Marchante Pita Rita, Amaral Raquel, Vilarinho Laura, Diogo Luísa, Gonçalves Isabel, Nobre Susana
Department of Pediatrics, Unidade Local de Saúde de Coimbra Portugal.
Department of Pediatrics Hospital Divino Espírito Santo, Ponta Delgada Azores Portugal.
JIMD Rep. 2025 May 12;66(3):e70017. doi: 10.1002/jmd2.70017. eCollection 2025 May.
MEGDHEL syndrome, caused by a gene defect, is clinically defined as the association of 3-MGA-uria (MEG), deafness (D), hepatopathy (H), encephalopathy (E), and Leigh-like features (L). Clinical presentation typically begins in the neonatal period, with neurological symptoms becoming more evident by 2 years of age. Severe liver involvement has also been reported. We report the case of a 3-year-old boy with increased transaminases and failure to thrive of unknown cause. He was born prematurely at 35 weeks and needed neonatal intensive care support for 24 h due to transient tachypnea. At 18 months, laboratory investigations for failure to thrive revealed elevated transaminases without cholestasis, which persisted on subsequent evaluations. Abdominal wall collateral veins were found during physical examination, and the liver ultrasound revealed steatosis, prompting the decision to proceed with a liver biopsy. Common causes of chronic liver disease were ruled out. Following liver biopsy, performed under general anesthesia, he had an episode of unexplained decompensation (metabolic acidosis, hyperlactatemia, and 3-methylglutaconic aciduria). The aciduria persisted upon subsequent evaluation. Liver histology showed macro/microvesicular steatosis (25%), portal tract inflammation, and mild fibrosis. Cardiac evaluation, along with brain magnetic resonance imaging and spectroscopy, was normal. Further investigations revealed decreased hepatic activity of respiratory mitochondrial chain complexes and marginal mtDNA depletion (28.1%). Analysis of the gene showed homozygosity for p.Y259* (c.777T>G, exon 9). This case report raises awareness for an atypical presentation of MEGDHEL syndrome associated with a homozygous nonsense variant of SERAC1 clinically characterized by mild hypertransaminasemia, failure to thrive, no neurological involvement, and starting in early childhood rather than infancy.

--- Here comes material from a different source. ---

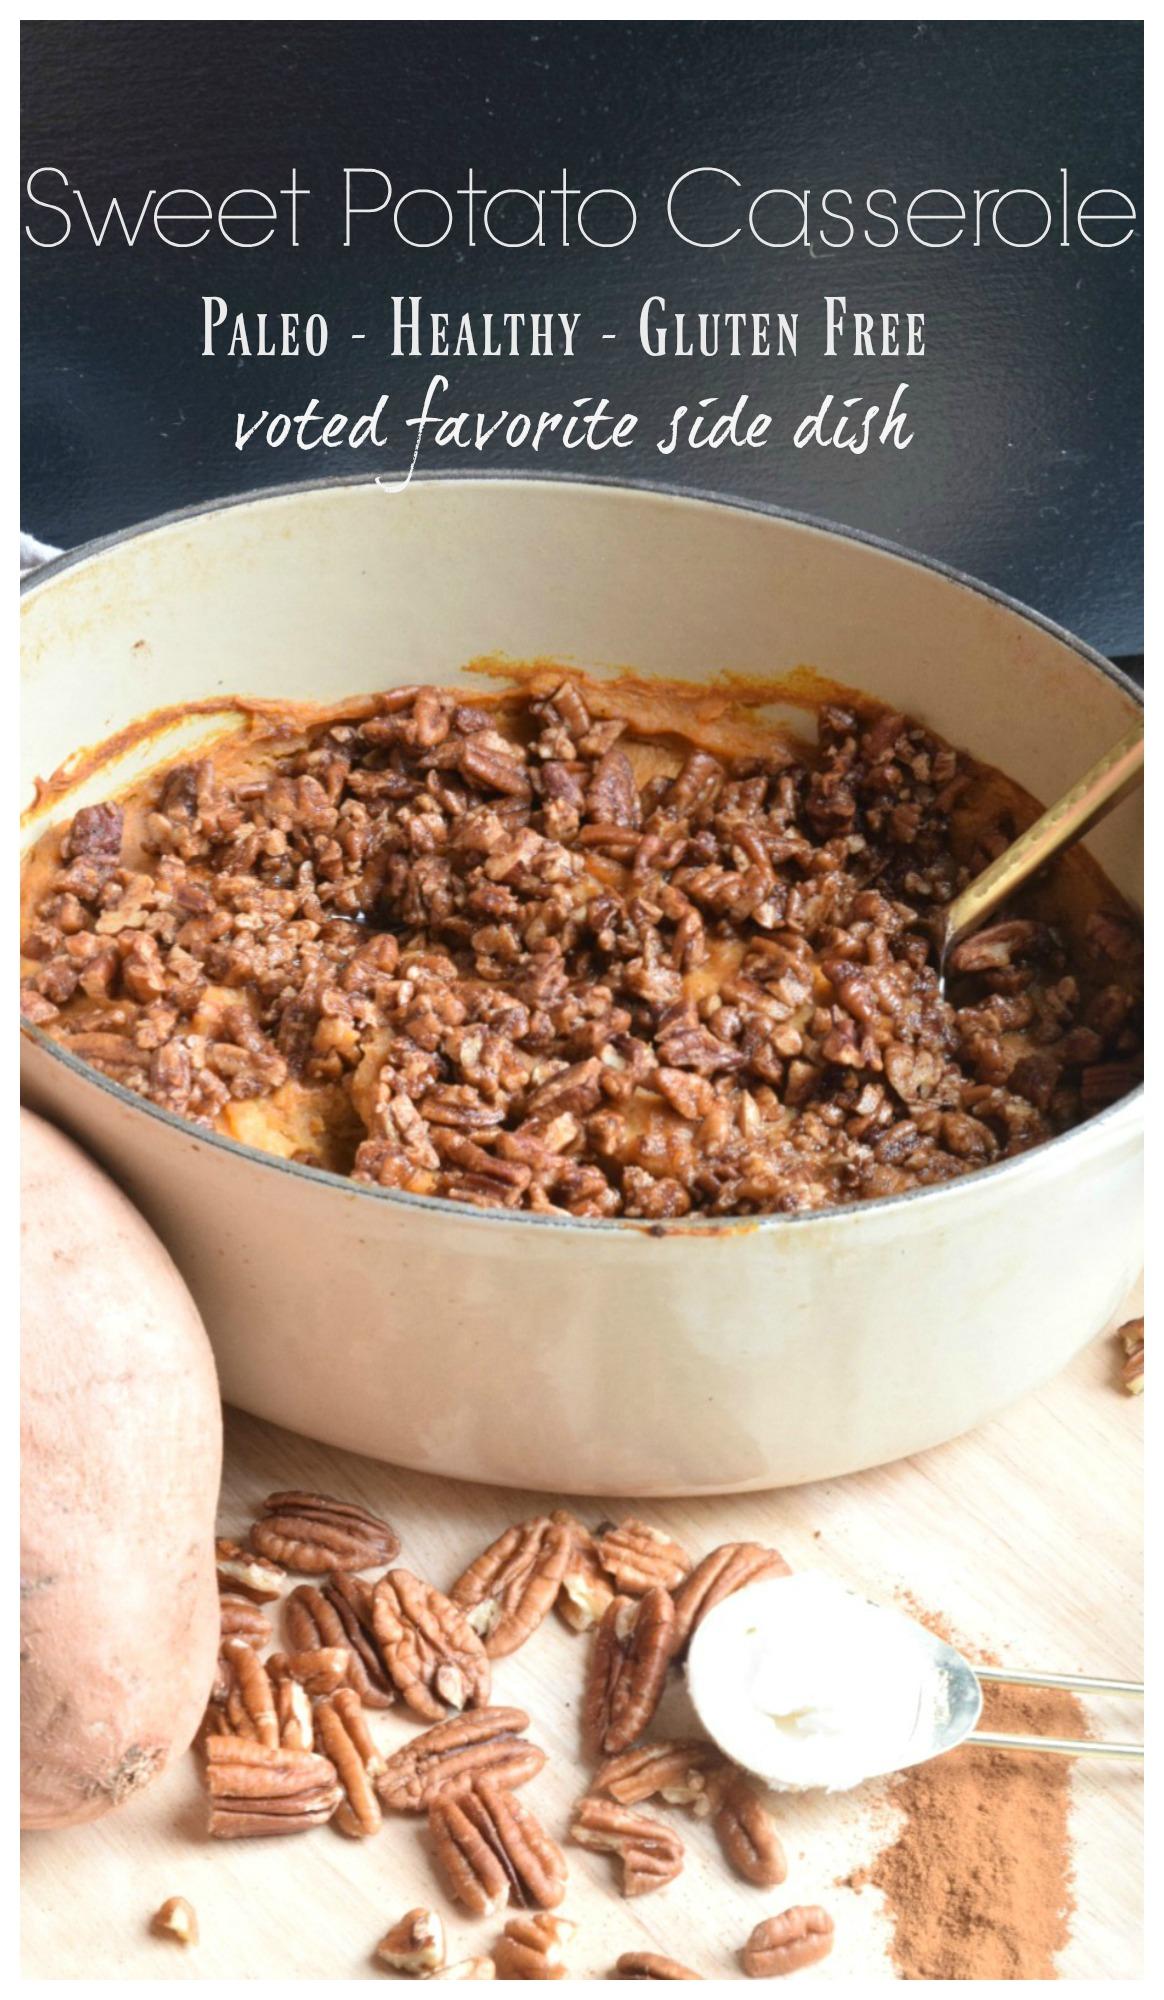 Sweet Potato Casserole- Voted Favorite Side Dish- Paleo Recipe

MEGDHEL综合征由基因缺陷引起,临床定义为3 -甲基戊二酸尿症(MEG)、耳聋(D)、肝病(H)、脑病(E)和类 Leigh 特征(L)的关联。临床表现通常始于新生儿期,2岁时神经症状变得更加明显。也有严重肝脏受累的报道。我们报告了一例3岁男孩,其转氨酶升高且不明原因发育不良。他在35周时早产,因短暂性呼吸急促需要新生儿重症监护支持24小时。18个月时,针对发育不良的实验室检查显示转氨酶升高但无胆汁淤积,后续评估中仍持续存在。体格检查发现腹壁侧支静脉,肝脏超声显示脂肪变性,促使决定进行肝活检。排除了慢性肝病的常见原因。在全身麻醉下进行肝活检后,他出现了一次不明原因的失代偿(代谢性酸中毒、高乳酸血症和3 -甲基戊二酸尿症)。后续评估时酸尿症持续存在。肝脏组织学显示大/小泡性脂肪变性(25%)、门管区炎症和轻度纤维化。心脏评估以及脑磁共振成像和波谱分析均正常。进一步检查显示呼吸线粒体链复合物的肝脏活性降低以及边缘性线粒体DNA耗竭(28.1%)。基因分析显示p.Y259*(c.777T>G,外显子9)纯合。本病例报告提高了对MEGDHEL综合征非典型表现的认识,该综合征与SERAC1的纯合无义变异相关,临床特征为轻度转氨酶升高、发育不良、无神经受累且始于幼儿期而非婴儿期。